An estimated one million computers running Windows are affected by the fast-
spreading Sasser computer worm in May. Victims include businesses, such as
British Airways, banks, and government offices, including Britain's Coast Guard.
The worm does not cause irreparable harm to computers or data, but it does
slow computers and cause some to quit or reboot without explanation. The
Sasser worm is different than other viruses in that users do not have to open a
file attachment to be affected by it. Instead, the worm seeks out computers
with a security flaw and then sabotages them. An 18-year-old German high
school student confessed to creating the worm. He's suspected of releasing
another version of the virus.
Virus Origins
Computer viruses are called viruses because they share some of the traits of
biological viruses. A computer virus passes from computer to computer like a
biological virus passes from person to person.
Unlike a cell, a virus has no way to reproduce by itself. Instead, a biological virus
must inject its DNA into a cell. The viral DNA then uses the cell's existing machinery
to reproduce itself. In some cases, the cell fills with new viral particles until it bursts,
releasing the virus. In other cases, the new virus particles bud off the cell one at a
time, and the cell remains alive.
A computer virus shares some of these traits. A computer virus must piggyback on
top of some other program or document in order to launch. Once it is running, it can
infect other programs or documents. Obviously, the analogy between computer and
biological viruses stretches things a bit, but there are enough similarities that the
name sticks.
Virus History
Traditional computer viruses were first widely seen in the late 1980s, and they came
about because of several factors. The first factor was the spread of personal
computers (PCs). Prior to the 1980s, home computers were nearly non-existent or
they were toys. Real computers were rare, and they were locked away for use by
"experts." During the 1980s, real computers started to spread to businesses and
homes because of the popularity of the IBM PC (released in 1982) and the Apple
Macintosh (released in 1984).
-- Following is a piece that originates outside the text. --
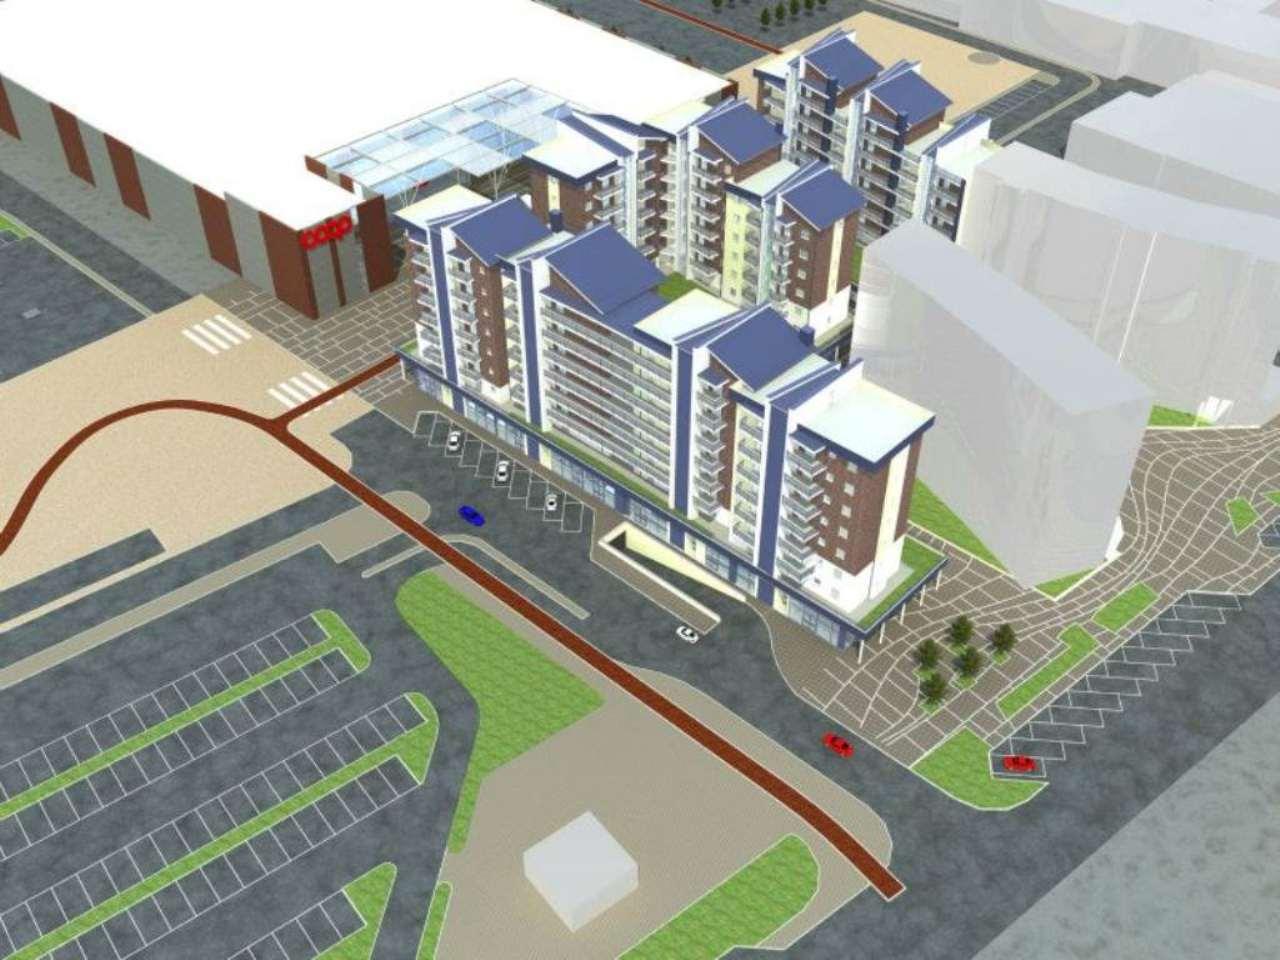 Immagine immobiliare Locale commerciale Lotto 17Locale commerciale open space di nuova costruzione a pochi passi dalla fermata Fermi della metropolitana e dall'area dove sorgerà la Coop.L'area commerciale si sviluppa attorno ad un contesto...

By the late 1980s, PCs were widespread in businesses,
homes and college campuses.
Virus Evolution
As virus creators became more sophisticated, they learned new tricks. One important
trick was the ability to load viruses into memory so they could keep running in the
background as long as the computer remained on. This gave viruses a much more
effective way to replicate themselves. Another trick was the ability to infect the boot
sector on floppy disks and hard disks. The boot sector is a small program that is the
first part of the operating system that the computer loads. It contains a tiny program
that tells the computer how to load the rest of the operating system. By putting its
code in the boot sector, a virus can guarantee it is executed. It can load itself into
memory immediately and run whenever the computer is on. Boot sector viruses can
infect the boot sector of any floppy disk inserted in the machine, and on college
campuses, where lots of people share machines, they could spread like wildfire.
In general, neither executable nor boot sector viruses are very threatening any
longer. The first reason for the decline has been the huge size of today's programs.
Nearly every program you buy today comes on a compact disc. Compact discs
(CDs) cannot be modified, and that makes viral infection of a CD unlikely, unless the
manufacturer permits a virus to be burned onto the CD during production. The
programs are so big that the only easy way to move them around is to buy the CD.
People certainly can't carry applications around on floppy disks like they did in the
1980s, when floppies full of programs were traded like baseball cards. Boot sector
viruses have also declined because operating systems now protect the boot sector.
Infection from boot sector viruses and executable viruses is still possible. Even so, it
is a lot harder, and these viruses don't spread nearly as quickly as they once did. Call
it "shrinking habitat," if you want to use a biological analogy. The environment of
floppy disks, small programs and weak operating systems made these viruses
possible in the 1980s, but that environmental niche has been largely eliminated by
huge executables, unchangeable CDs and better operating system safeguards.
• You should make sure that Macro Virus Protection is enabled in all
Microsoft applications, and you should NEVER run macros in a document
unless you know what they do. There is seldom a good reason to add
macros to a document, so avoiding all macros is a great policy.
The Computer Virus & Unauthorized Computer Access Countermeasures Group (VUAC)
receives reports about detections and damage caused by intrusive computer viruses. The
VUAC operates Anti-Computer-Virus Committee, whose members are representatives from
associations of IT industries and academies.
They analyze the accumulated incident reports and endeavor in devising countermeasures.
The results of their investigations as well as recommendations are publicized monthly
through the media such as newspapers and magazines.
In 2002, 20,352 reports were submitted to IPA, and the number decreased slightly
compared from 2001 having 24,261 reports. W32/Klez had the worst number
reported for 9 consecutive months, having 9,648 reports (approximately 50% of
total), which made a single virus to have the worst number of reports ever for a
year. This was followed by W32/Badtrans having 3,336 reports and W32/Hybris having
870 reports.
For more information, please refer to "Computer Virus Detection Incident Reports in 2002"
In December, 1,135 reports were submitted to IPA (November: 1,408 reports). The top
number of viruses reported were W32/Klez having 465 reports with new variants
having subjects such as "Happy Christmas" and "Happy New year", W32/Bugbear
having 133 reports, and W32/Opaserv and VBS/Redlof, having 67 reports.
In addition, an alert was announced for a massive spread of virus mail during the year
change period since there was a concern, but there was no serious viral damage.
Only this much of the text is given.